Say you want to match a date range like "2024-01-15 to 2024-12-31". The date format appears twice and it's the same format both times.
Without subroutines:
\d{4}-\d{2}-\d{2} to \d{4}-\d{2}-\d{2}
With subroutines:
(\d{4}-\d{2}-\d{2}) to (?1)
Group 1 defines the date pattern. (?1) says "match that same pattern again right here." Shorter, cleaner, and if you need to change the date format you only change it in one place.
echo "2024-01-15 to 2024-12-31" | grep -P '(\d{4}-\d{2}-\d{2}) to (?1)'
Subroutines vs Backreferences
This is the critical distinction you need to internalize.
\1 matches the SAME TEXT that group 1 already captured
(?1) matches the SAME PATTERN that group 1 defines
In action:
echo "2024-01-15 to 2024-01-15" | grep -P '(\d{4}-\d{2}-\d{2}) to \1'
echo "2024-01-15 to 2024-12-31" | grep -P '(\d{4}-\d{2}-\d{2}) to \1'
First line matches (same text "2024-01-15" appears twice). Second line FAILS because \1 wants "2024-01-15" but finds "2024-12-31".
Now with subroutines:
echo "2024-01-15 to 2024-12-31" | grep -P '(\d{4}-\d{2}-\d{2}) to (?1)'
Matches. (?1) doesn't care what the first date was. It just reruns the pattern and matches whatever valid date appears.
+---------------------------------------------------+
| \1 = "match that exact same text again" |
| (?1) = "run that pattern again on new text" |
| |
| Backreference = same value |
| Subroutine = same shape |
+---------------------------------------------------+
Named Subroutines
Just like named capture groups (?<name>...), you can call named groups as subroutines with (?&name).
(?<date>\d{4}-\d{2}-\d{2}) to (?&date)
More readable. The (?&date) says "run the date pattern here."
The DEFINE Block
Sometimes you want to define reusable patterns WITHOUT actually matching anything at that point. That's what DEFINE blocks do.
(?(DEFINE)
(?<name1>pattern1)
(?<name2>pattern2)
)
Everything inside is defined but not matched. Like declaring functions at the top of a file. Then call them with (?&name) wherever needed.

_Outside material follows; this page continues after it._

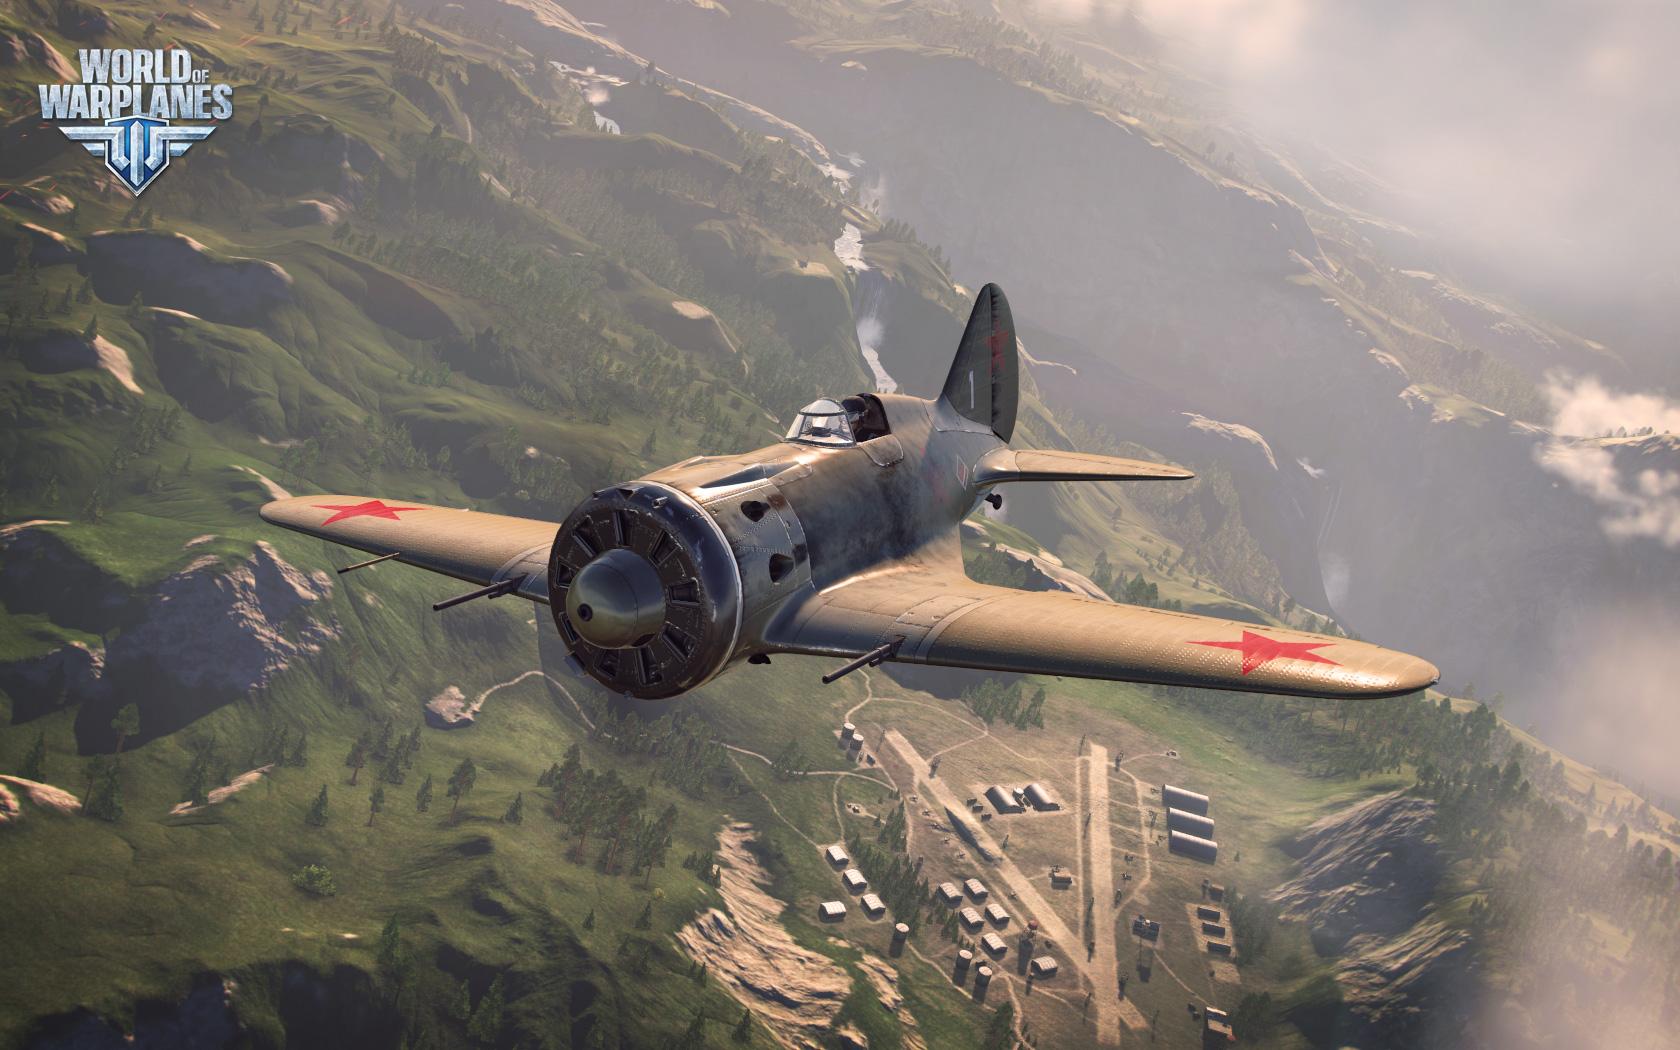 Картинка с самолетом игра

Matching a timestamp "2026-02-19 14:30:45":
(?(DEFINE)
(?<date>\d{4}-\d{2}-\d{2})
(?<time>\d{2}:\d{2}:\d{2})
)
(?&date) \s+ (?&time)
The DEFINE block sets up two named patterns. The actual matching happens below it. DEFINE itself consumes no text.
echo "2026-02-19 14:30:45" | grep -P '(?(DEFINE)(?<date>\d{4}-\d{2}-\d{2})(?<time>\d{2}:\d{2}:\d{2}))(?&date)\s+(?&time)'
A Realistic DEFINE Example
Validating CSV lines where each field can be bare or quoted:
(?(DEFINE)
(?<field>[^,"\s]+|"[^"]*")
)
^(?&field),(?&field),(?&field)$
Test it:
echo 'Alice,"Portland, OR",admin' | grep -P '(?(DEFINE)(?<field>[^,"\s]+|"[^"]*"))^(?&field),(?&field),(?&field)$'
The field pattern handles both bare values and quoted values (which can contain commas). Defined once, used three times. Compare to writing the field pattern three times inline:
^([^,"\s]+|"[^"]*"),([^,"\s]+|"[^"]*"),([^,"\s]+|"[^"]*")$
The DEFINE version is dramatically easier to read and maintain.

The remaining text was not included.